Additionally, replacing an old system with one that cannot use data optimally while simultaneously promising AI compatibility can lead to project delays and additional costs.
Address the shortcomings of data-driven technology and artificial intelligence
Optimizing the productivity of a company’s workforce and providing a great customer experience in today’s on-demand world is challenging. To deliver greater business value to customers, FSOs must use data and intelligence to meet and anticipate customer needs. However, this type of innovation requires breaking down data silos and aligning processes across the organization to deliver customer insights to employees.
Additionally, with AI-embedded software, organizations have the ability to automate repetitive tasks, process complex data sets, and more. However, with 80% of companies already using some form of automation technology or planning to do so in the next year, starting the process of delivering the value AI promises without a third party guiding them through the best It can be difficult for them. Artificial intelligence and data solutions
Maximize data and AI investment
Using a combination of data and artificial intelligence has many benefits, especially for organizations such as FSOs that work to provide the best customer service by ensuring optimal scheduling of employees who are able to meet anticipated service tasks.

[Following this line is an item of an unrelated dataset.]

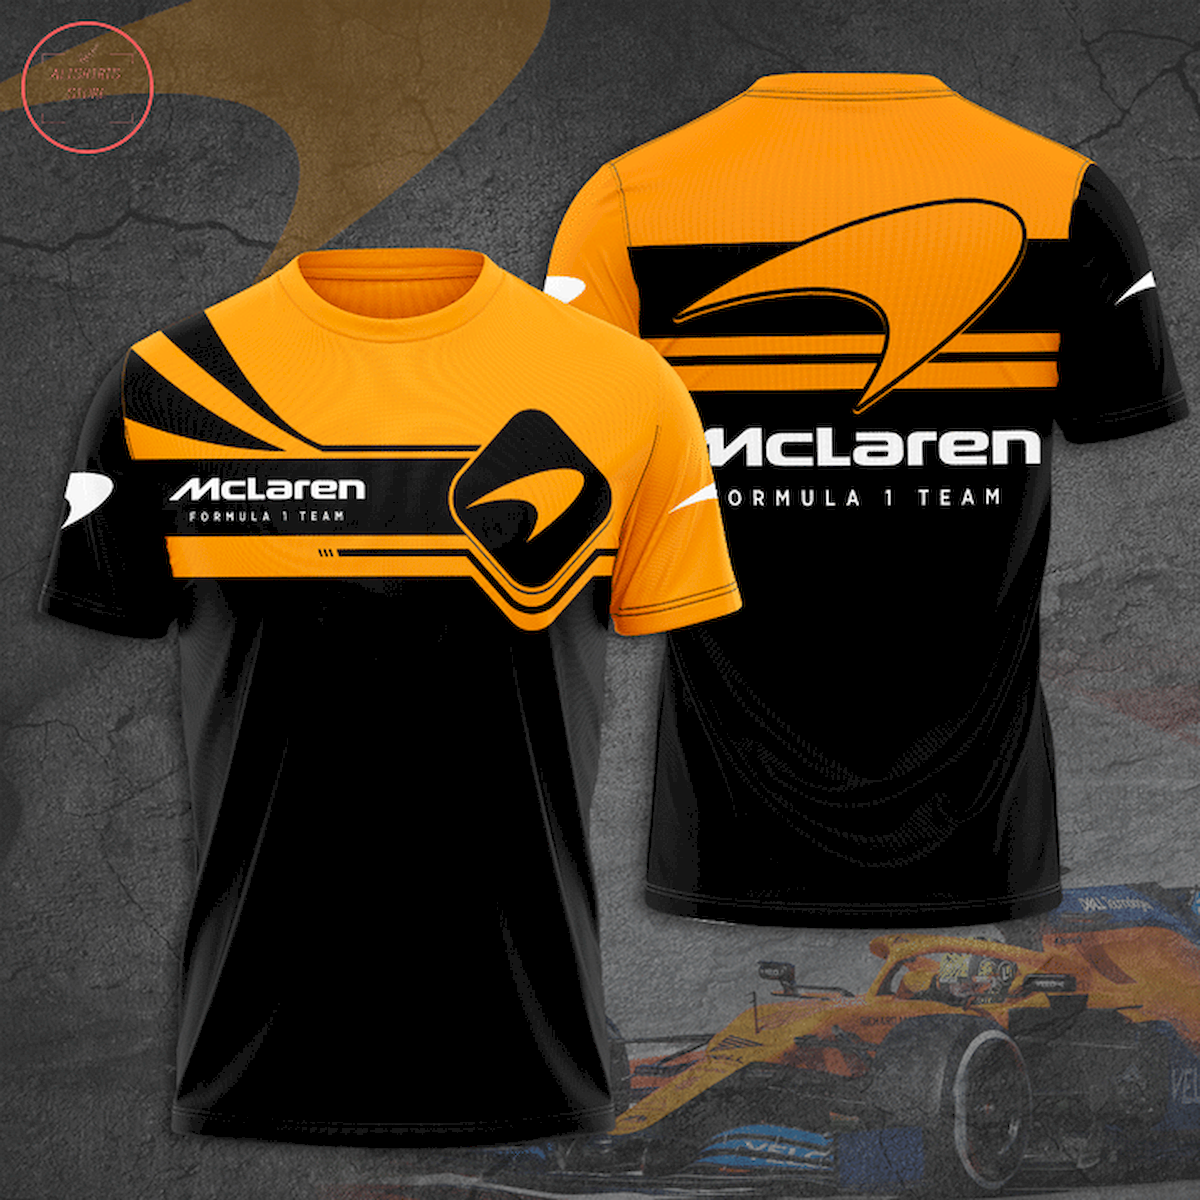 McLaren Formula 1 Team All Over Printed Shirts
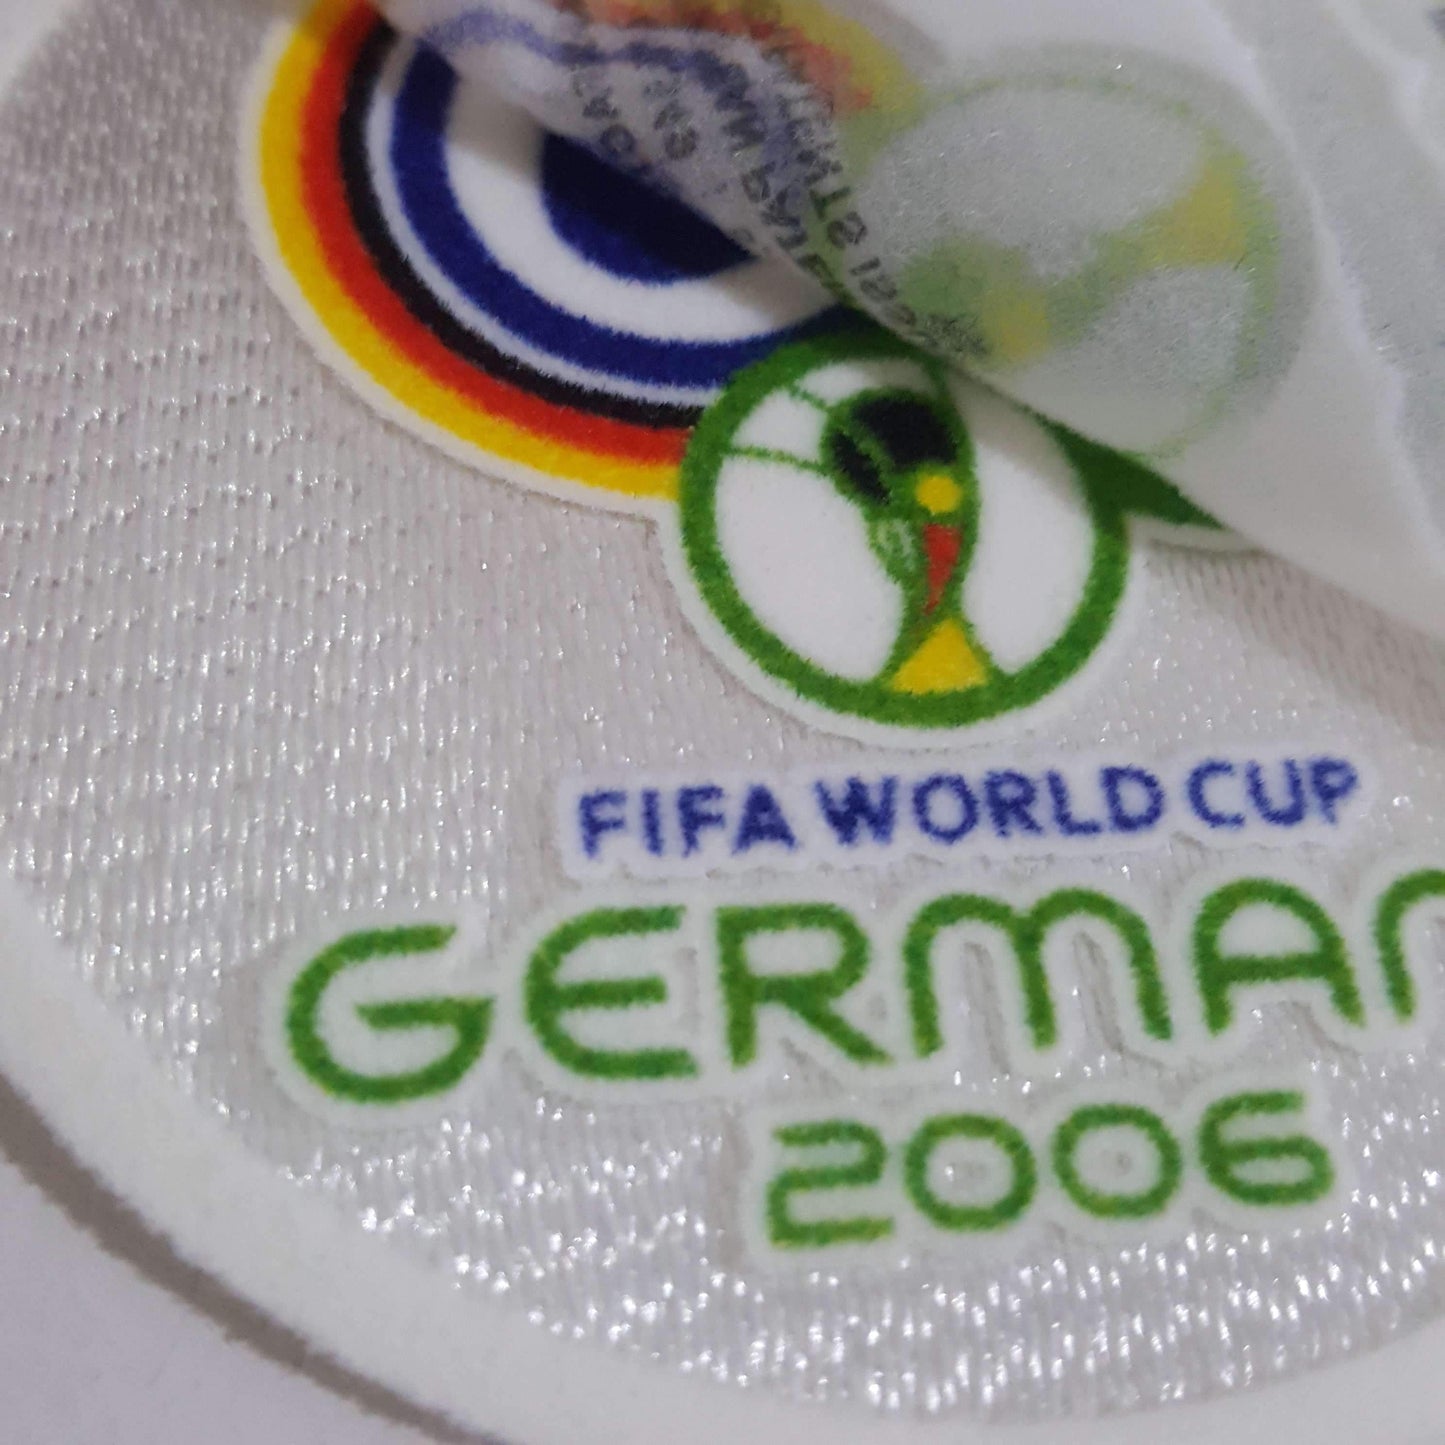 FIFA World Cup 2006 Germany - ClassicFootballJersey

In cases like this, data and artificial intelligence go hand in hand. For example, data collected from IoT sensors can help AI predict asset performance and optimize scheduling using data such as maintenance history. Typically, empirical data also helps FSOs proactively respond to potential service issues by predicting when a customer’s product will need maintenance, thereby ensuring that parts and technicians are available in a timely manner. They are available at certain times.
AI also helps internal staff by automating customer interactions through improved chatbot and customer relationship management (CRM) tools.
As we move into a more modern and automated future, organizations need to understand their data silos to experience the full potential of AI. When data is effectively leveraged with AI, organizations can solve a wide variety of problems, paving the way for organizations to use predictive planning while meeting customer needs.
Kevin Miller is the Chief Technology Officer IFS.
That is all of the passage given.